Duplicating My Favorites

This is one of my favorite paintings that I have created myself. It's oil and cold wax on a 16 x 20 birch panel. I qualify "favorite" here because, of course, I admire the work of great painters more than I admire my own stuff. I mean.... Anyway, of my work, this is at the top. I love it so much I decided to capitalize on its greatness and duplicate it in print form.
After doing a minimal amount of research, I selected Finerworks.com for printed material, and I followed the simple process on their website for creating greeting cards. As with all printing, the more copies you order, the lower the price per unit, and as selling these things is an experiment, I opted for the minimum order of 25 copies.

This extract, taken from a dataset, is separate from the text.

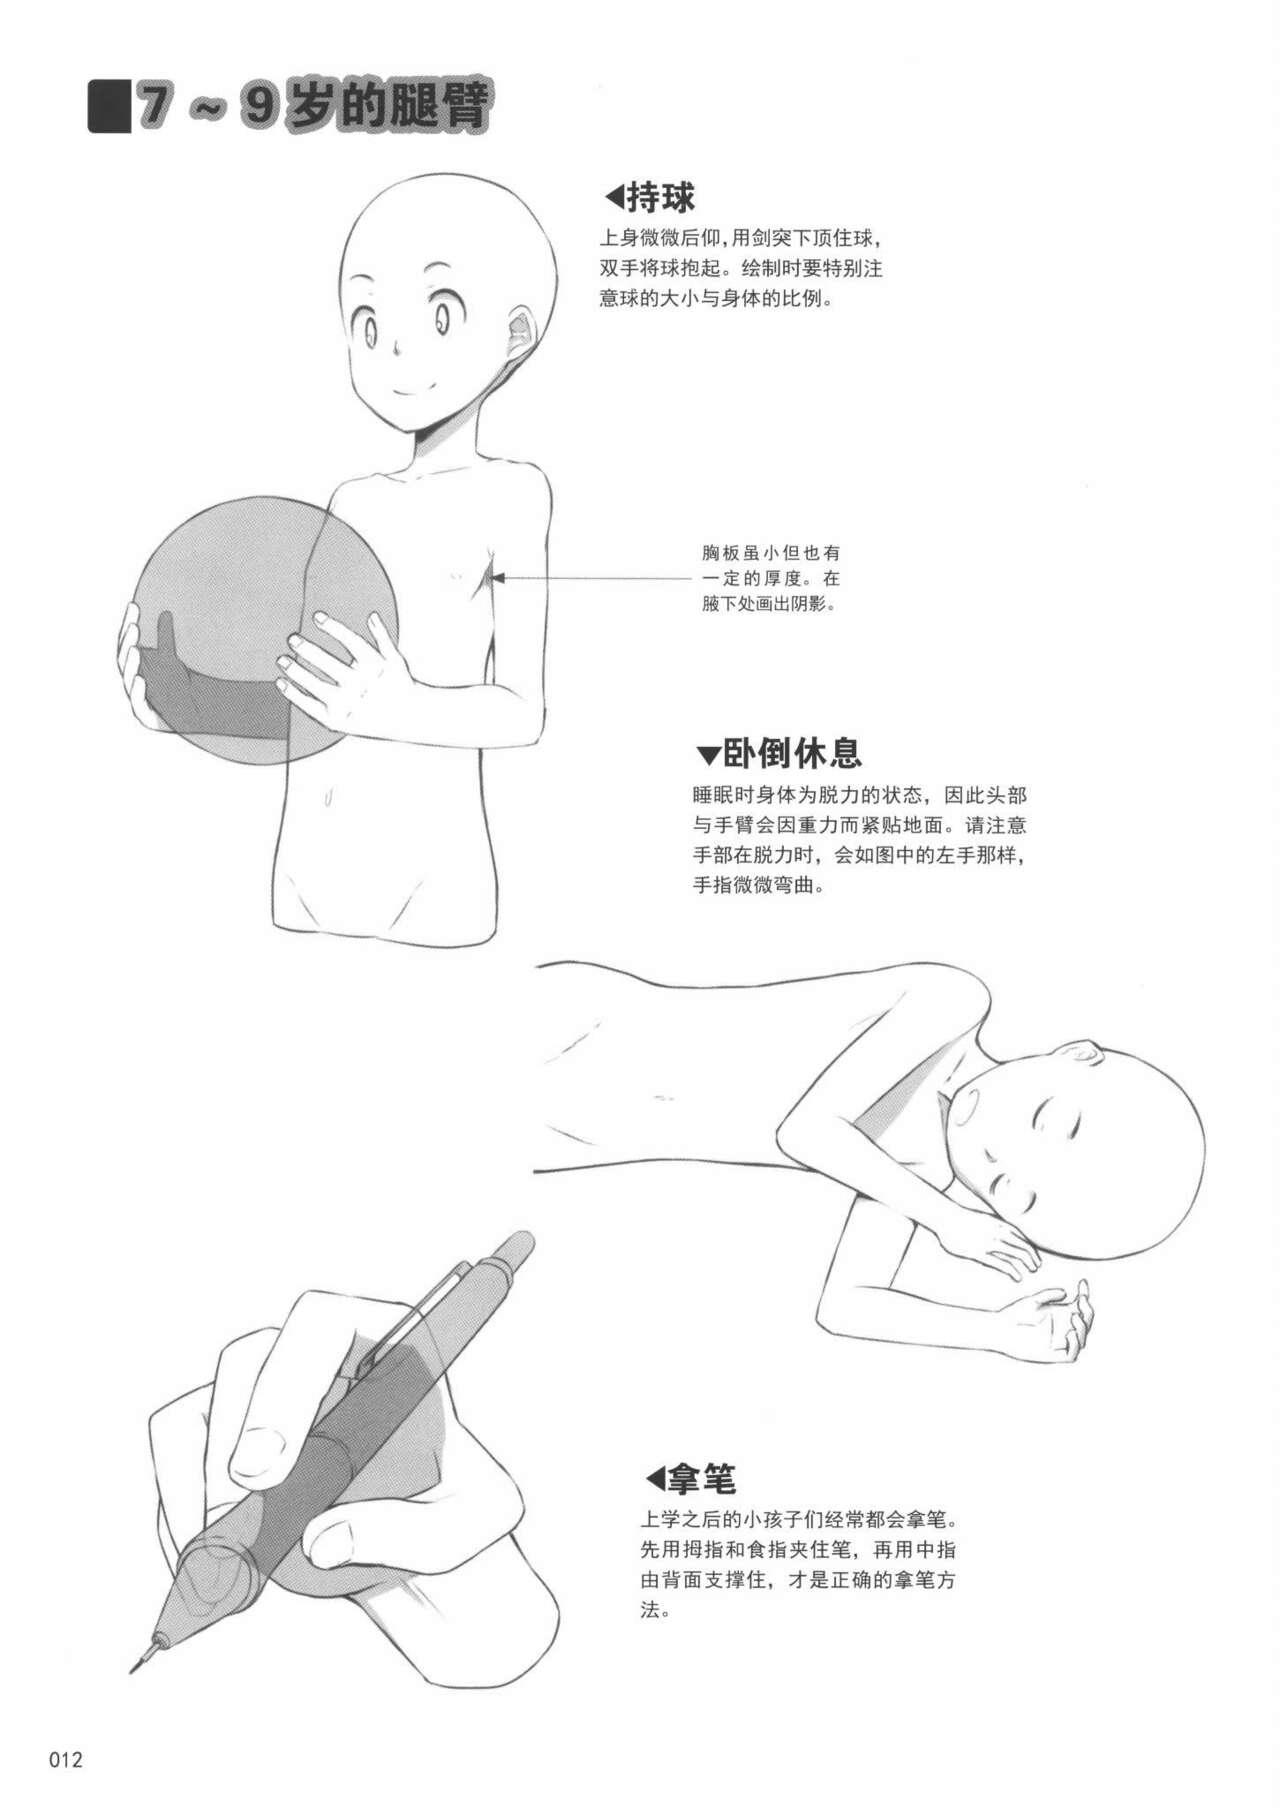 How to draw a boy 11

I chose a white matte stock, blank interior, and my own logo on the back, and I am very pleased with the results. I am currently offering this, along with four other cards, for sale as a set in my Etsy shop.
When this blasted pandemic has been mitigated to a reasonable level, and I am once again comfortable with summer art markets, I'll offer them there, too. Confession—I got a little excited when ordering this card and went ahead and created three full sets of five different designs. Art markets need to be safe places very soon.
Not satisfied, I decided to go for prints as well, which is something I have never offered before. I chose a few of my larger paintings that are priced in the hundreds and sized them down to 8 x 10, had them printed on a cotton stock with a quarter-inch border and will soon have them in the shop—as well as ready for a market—too. I ordered just three copies of these paintings, and we'll see how it goes.


My point is, while painting is the passion, and creating fresh, beautiful work is the goal, finding different ways to offer a particularly fine piece of work can only be a good thing.